The Non-Performing Loans (NPL) ratio of banks in Ghana have deteriorated to 18% in April 2023 from the 14.3% in April 2022, according to a report by the Bank of Ghana.
The Governor of the central bank, Dr. Ernest Addison revealed at the monetary policy committee meeting held on Monday, 22 May 2023.
He also opined that deteriorating NPL has caused higher loan impairments and elevated credit risks.
He also said the industry’s liquidity indicators have also improved following the implementation of the revised Cash Reserve Requirement.

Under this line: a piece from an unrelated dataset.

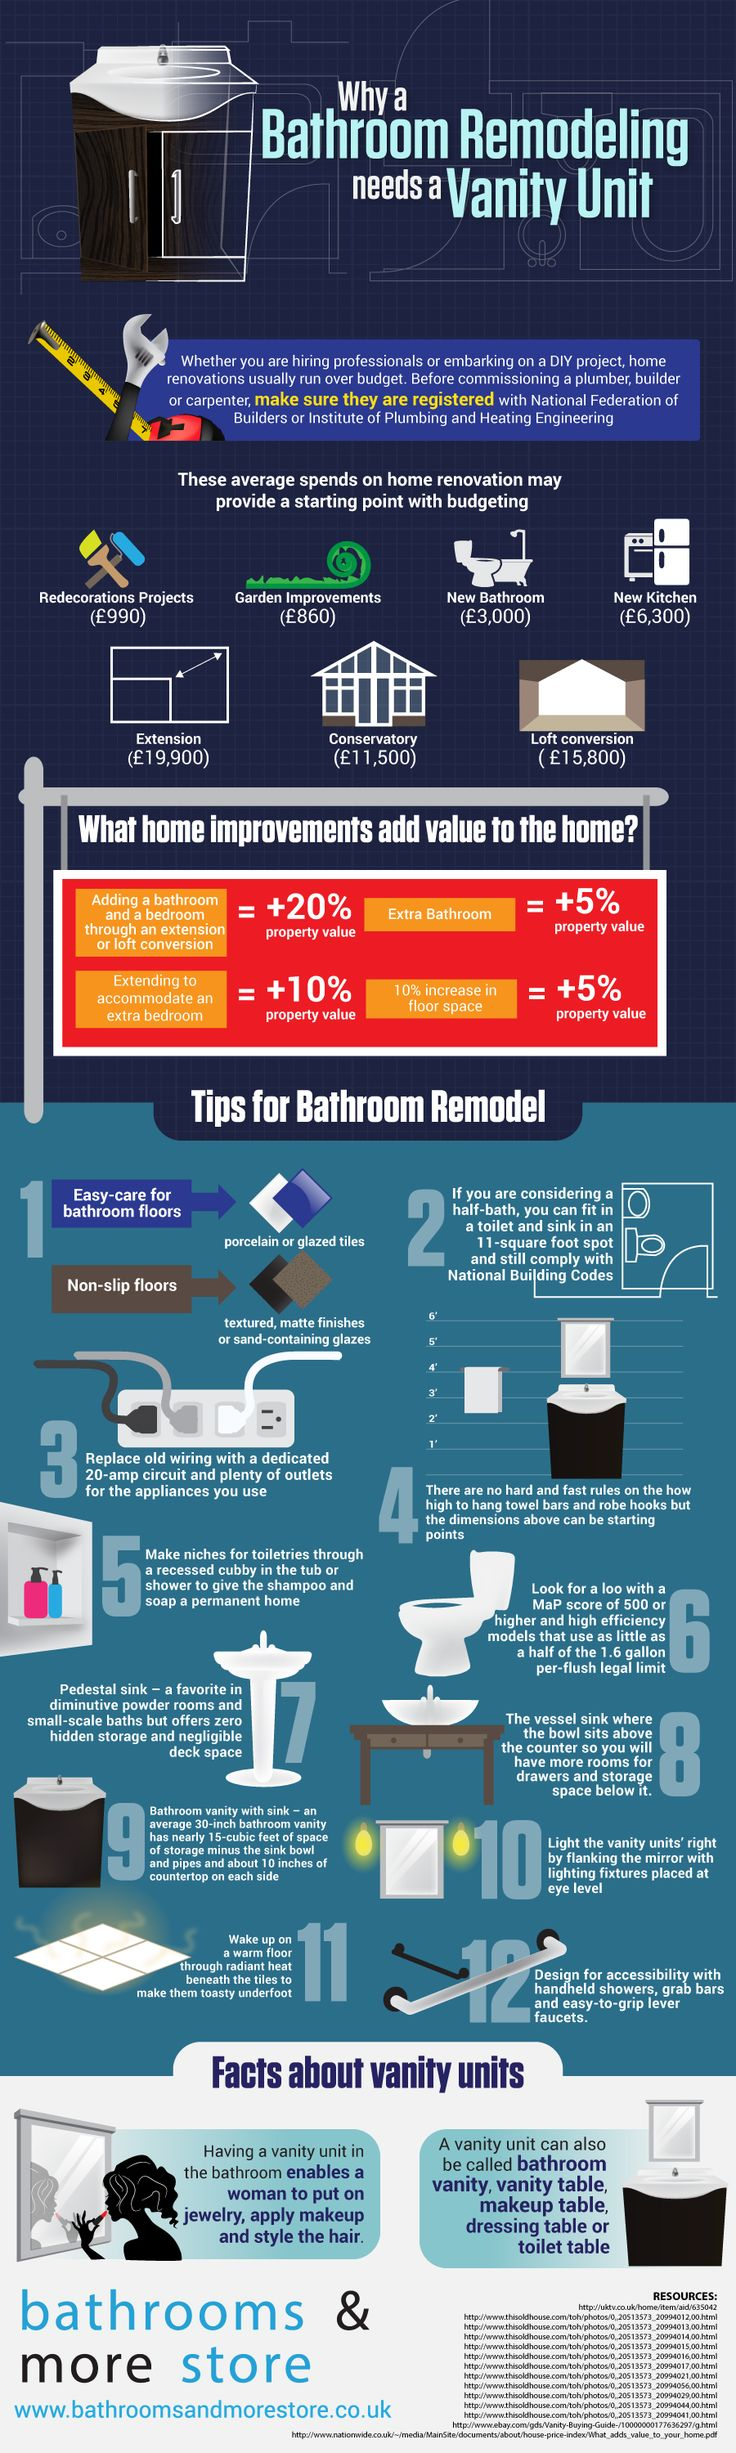 Best Bathroom Furniture Images Onbathroom

The 2022 audited financial statements of banks, according to Dr Addison, reflected the full impact of the Domestic Debt Exchange Programme (DDEP) and the challenging operating environment that prevailed in the year.
Most banks reported significant losses on the back of the mark-to-market valuation losses on their respective holdings in Government of Ghana bonds following the implementation of the DDEP, he said.
Other losses, Dr Addison added, were due to higher impairments on loans and rising operating costs.
He said the industry posted before-tax losses of GH¢8.0 billion in 2022 compared with a profit of GH¢7.4 billion recorded in 2021.
After-tax loss was GH¢6.6 billion in 2022 relative to profit after-tax of GH¢4.8 billion in 2021, he added.
The main profitability indicators, namely, return-on-assets and return-on-equity all turned negative in 2022 because of the industry’s loss position.
The 2022 audited financial statements of banks also pointed to some impairments in capital levels, although most banks posted Capital Adequacy Ratios (CAR) above the 10 per cent regulatory minimum at end-December 2022, he noted.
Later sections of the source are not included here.